[Date Prev][Date Next][Thread Prev][Thread Next][Date Index][Thread Index]

Fwd: France implements Net-censorship charter



==================BEGIN FORWARDED MESSAGE==================

>Date: 19 Mar 97 21:43:39 EST
>From: "K. N. Cukier" <100736.3602@CompuServe.COM>
>To: Fight Censorship <FIGHT-CENSORSHIP@vorlon.mit.edu>
>Subject: France implements Net-censorship charter 
>Message-Id: <970320024339_100736.3602_EHV43-1@CompuServe.COM>

To follow up on an earlier post regarding a French government-sponsored
committee drafting self-regulatory guidelines for the Internet, I have some bad
news.

The voluntary guidelines are pretty much a mandate for legitimized censorship.
The participants of the committee don't seem to be hoodwinked at all -- many
hate the policy. But it is uncertain whether the opposition will be capable of
thwarting its initial implementation, set for mid-April.

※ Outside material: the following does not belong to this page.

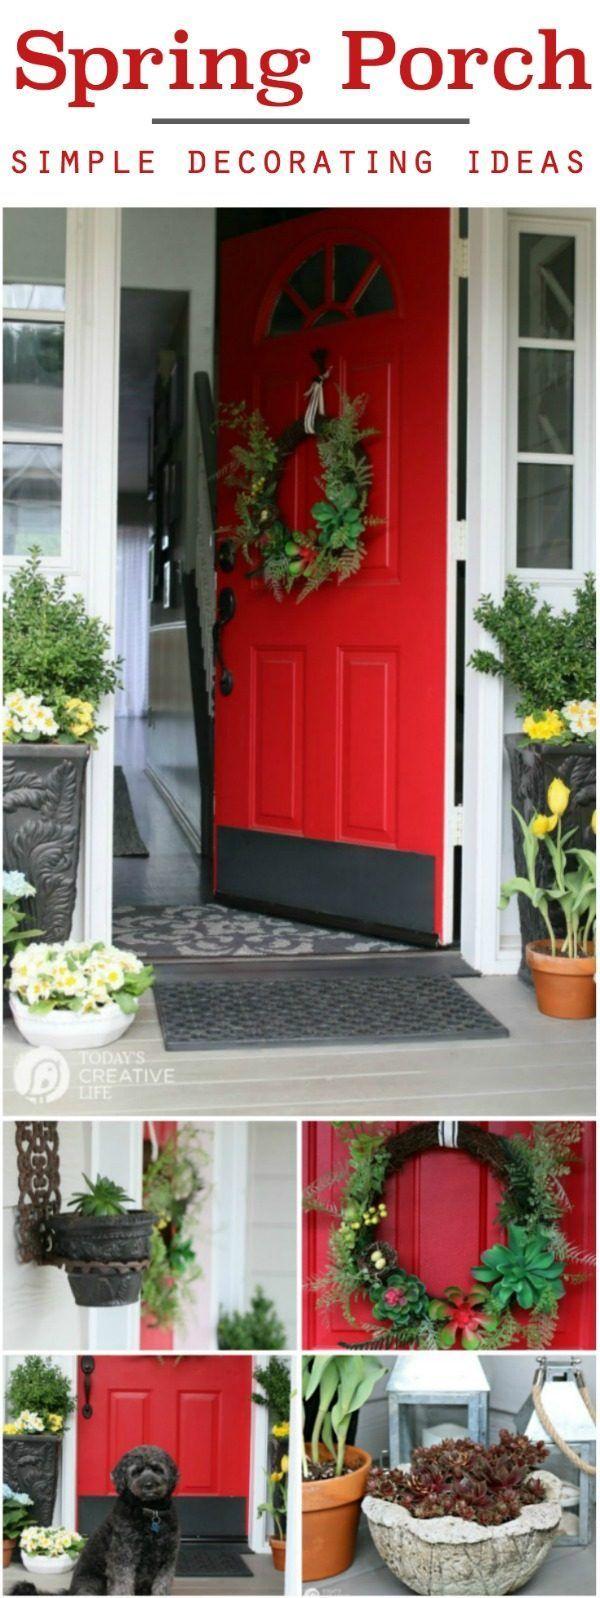 Front Porch Ideas | Decorating your porch for Spring. Small front porch simple DIY decorating ideas for spring. TodaysCreativeLife.com
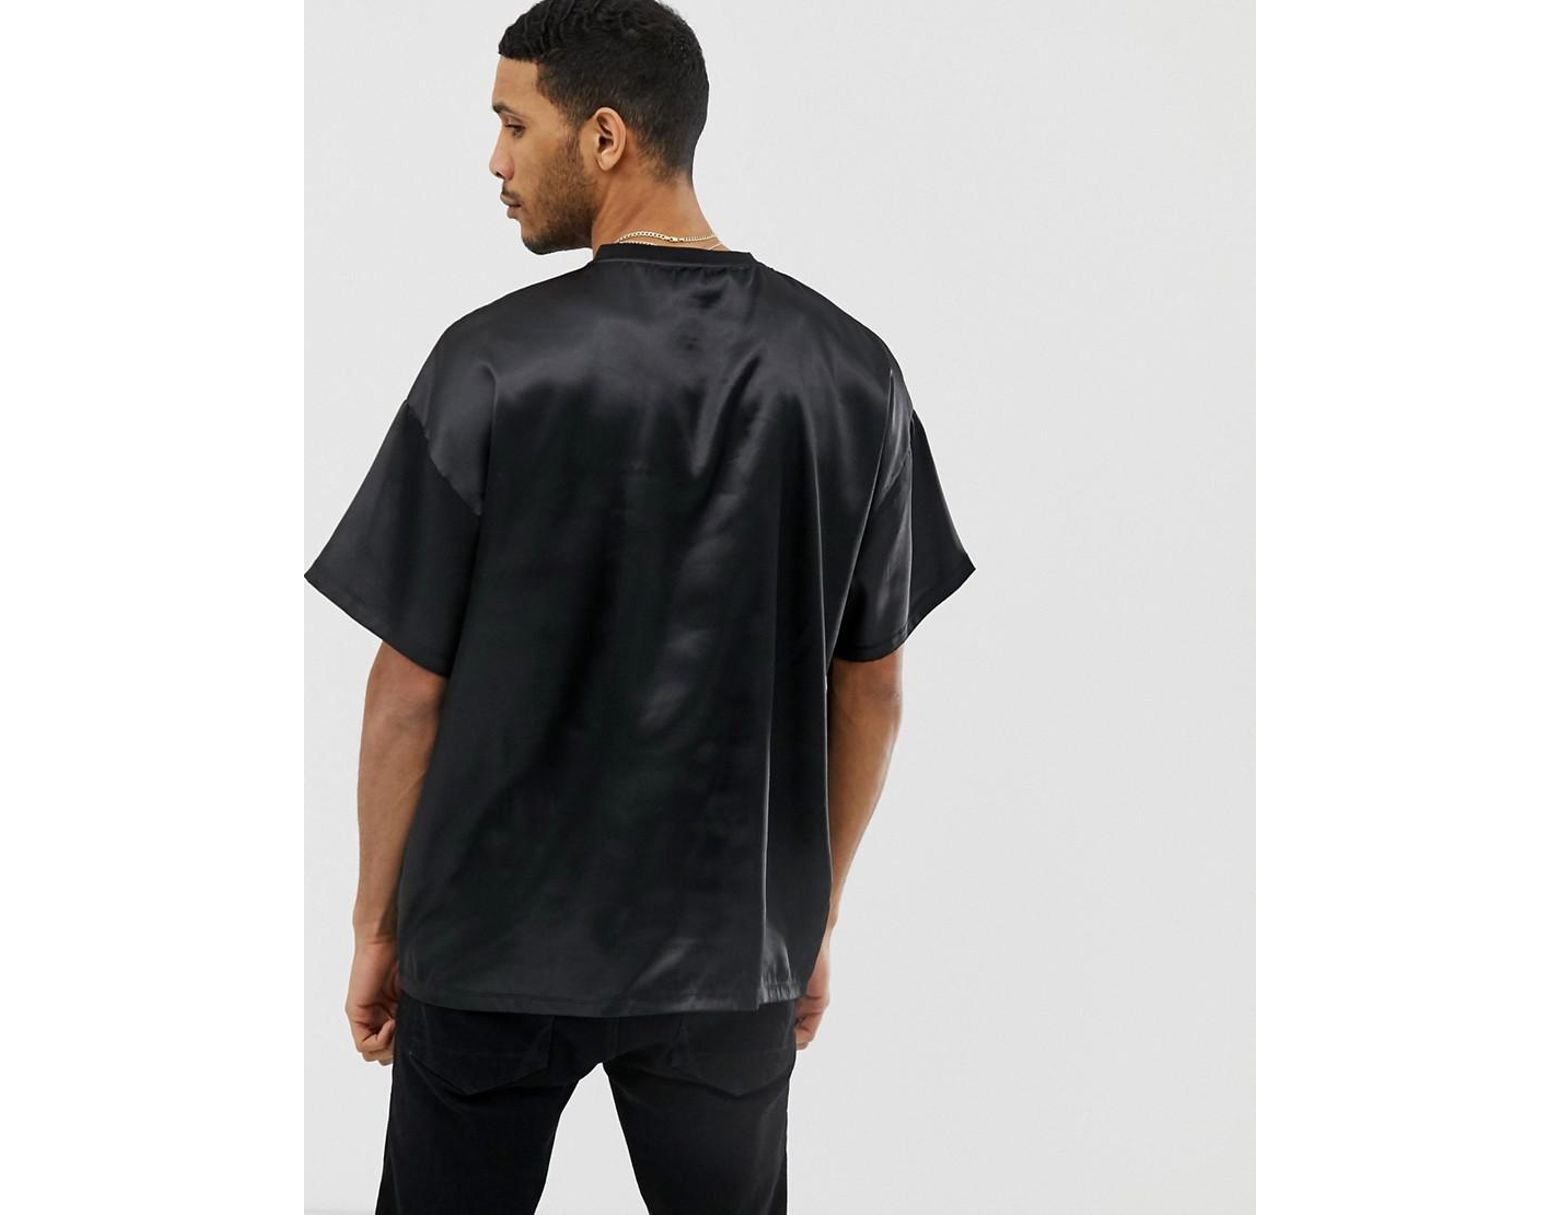 145c8652bf42 ASOS Oversized T-shirt In Satin Fabric In Black in Black for Men - Lyst

The charter is available online, in French, at: www.planete.net/code-internet 
A joint press release by two opponents of the charter, also in French, is at:
www.citadeleff.org (or) www.aui.fr

The charter calls for a standing committee to be formed from the French Internet
community to monitor adherence to the "self-regulations" -- of which one plank
requires ISPs to block access to sites that are deemed "illicit." Sites located
outside the country that violate the charter will also be blocked. If ISPs
don't, I'm told by the chairman of the committee, Antoine Beaussant, they risk
criminal penalties. 

Mr. Beaussant said that a host of French ISPs as well as US online services
operating in the country have agreed to go along with the charter. Personally,
I'm suspicious of that claim, but haven't yet contacted the companies myself. 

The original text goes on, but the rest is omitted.